SC is a relatively rare condition with an incidence of ~1 case per 100,000 individuals. It primarily affects adults between the ages of 30 and 50 years, although both infants and the elderly can also be affected (1,12,13). Earlier studies suggested that the male-to-female ratio of SC was 1.8:1, indicating a higher prevalence in males (12,13). However, other studies suggest that this ratio may range from 2:1 to 4:1 (14). Notably, in areas such as the temporomandibular joint, hands and wrists, the incidence in females may be higher compared with males (15). Furthermore, due to the often-insidious symptoms of SC, the average time to diagnosis is ~5 years (15). However, with advancements in imaging technology, the detection rate of SC has markedly increased over the years (8). The higher incidence of SC in adults may be associated with long-term joint stress and a history of trauma, while the rarity of SC in children may be related to protective mechanisms during skeletal development (14). Additionally, PSC and SSC exhibit notable differences in epidemiology. PSC is generally more common and has a higher recurrence rate, whereas SSC is primarily associated with osteoarthritis or joint injuries, being relatively rare and often confused with primary diseases (9–11,16). Extraglenoid SC is rare, typically presenting as a painless mass and there is no notable trend associated with sex or age in these cases (14).

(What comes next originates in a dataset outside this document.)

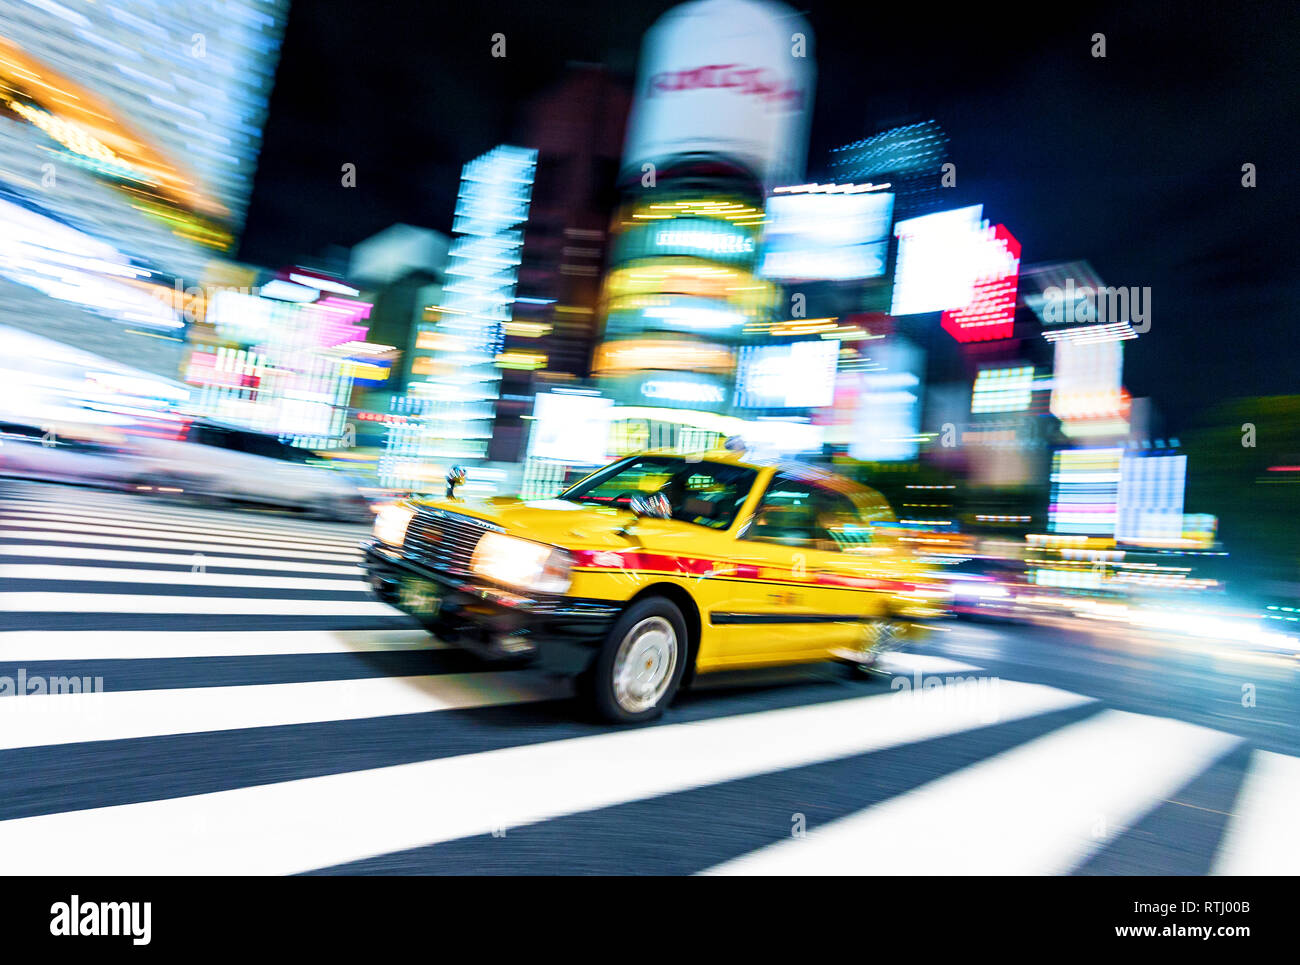 Tokyo Taxi Ginza Crossing Japan Stock Photo

The recurrence rate of SC ranges from 0–31%, with the recurrence rate being lower when loose body removal and synovectomy are carried out via arthroscopy (~7.1%) (17,18). However, if the synovectomy is incomplete, the recurrence rate may rise to 20–30% (19). PSC has an increased recurrence rate compared with SSC, suggesting that PSC may exhibit more biological activity (9–11). Multiple recurrences may increase the risk of transformation into SS. Overall, the risk of malignant transformation in SC is low, typically ~5% (20). However, a study has reported a malignant transformation rate of ≤11.1% in hip joint SC cases (21), although this value may be lower in actual clinical practice due to limited follow-up times. Malignant transformation in SC is typically observed in cases with a disease duration of >5 years or in recurrent cases. Symptoms such as pain, swelling and local destruction may occur, and certain patients may exhibit cartilage matrix calcification and nuclear atypia, which resemble the features of low-grade SS (14). Compared with SSC, PSC carries a higher risk of malignant transformation, and gene fusions such as FN1-ACVR2A and chromosomal abnormalities have been detected in certain cases (22). However, to the best of our knowledge, there are currently no clear predictive markers for malignant transformation, emphasizing the need for long-term follow-up and biological assessments.

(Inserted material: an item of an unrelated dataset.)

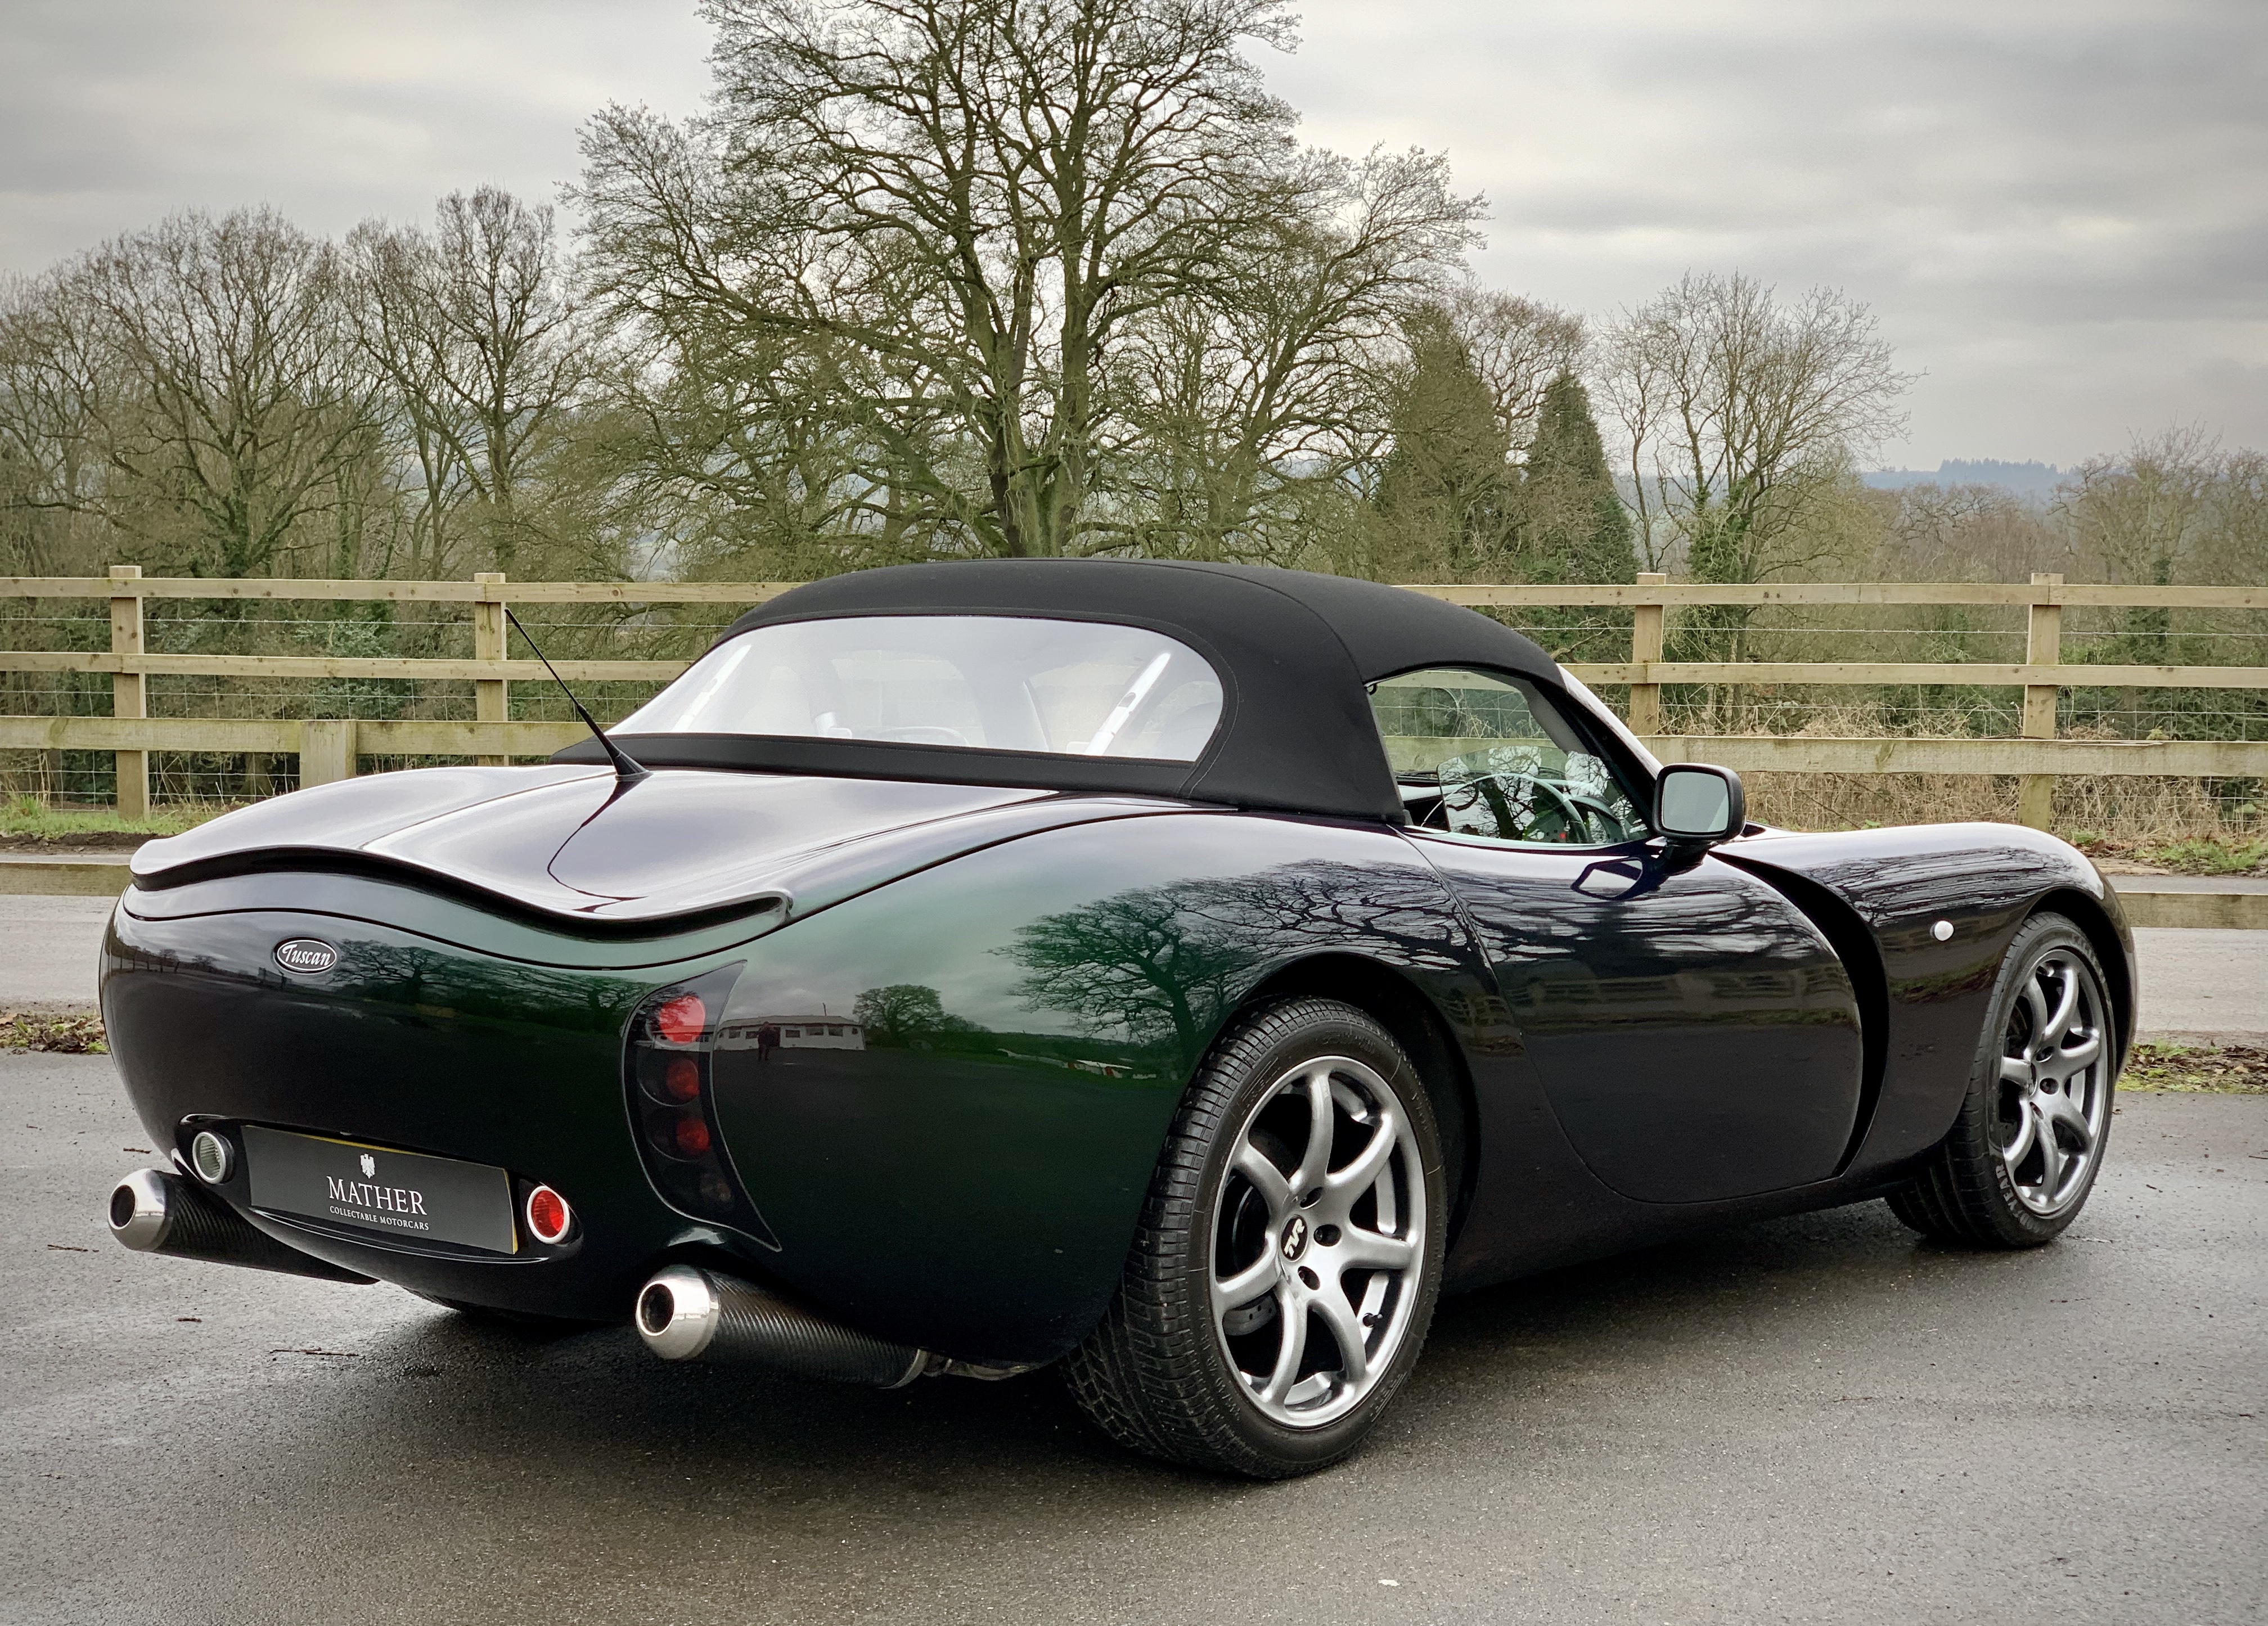 2006 TVR Tuscan S

In summary, SC has a low incidence, delayed diagnosis and a higher prevalence in males. The recurrence rate of PSC is higher than that of SSC, with stronger biological activity, which may increase the risk of malignancy. The overall malignancy rate of SC is low, but cases with long-term recurrence may have potential for malignant transformation. Currently, epidemiological data on SC are limited and the mechanisms of malignancy remain unclear, with no effective predictive indicators. Further research is required on its pathogenesis, diagnostic methods and long-term prognosis.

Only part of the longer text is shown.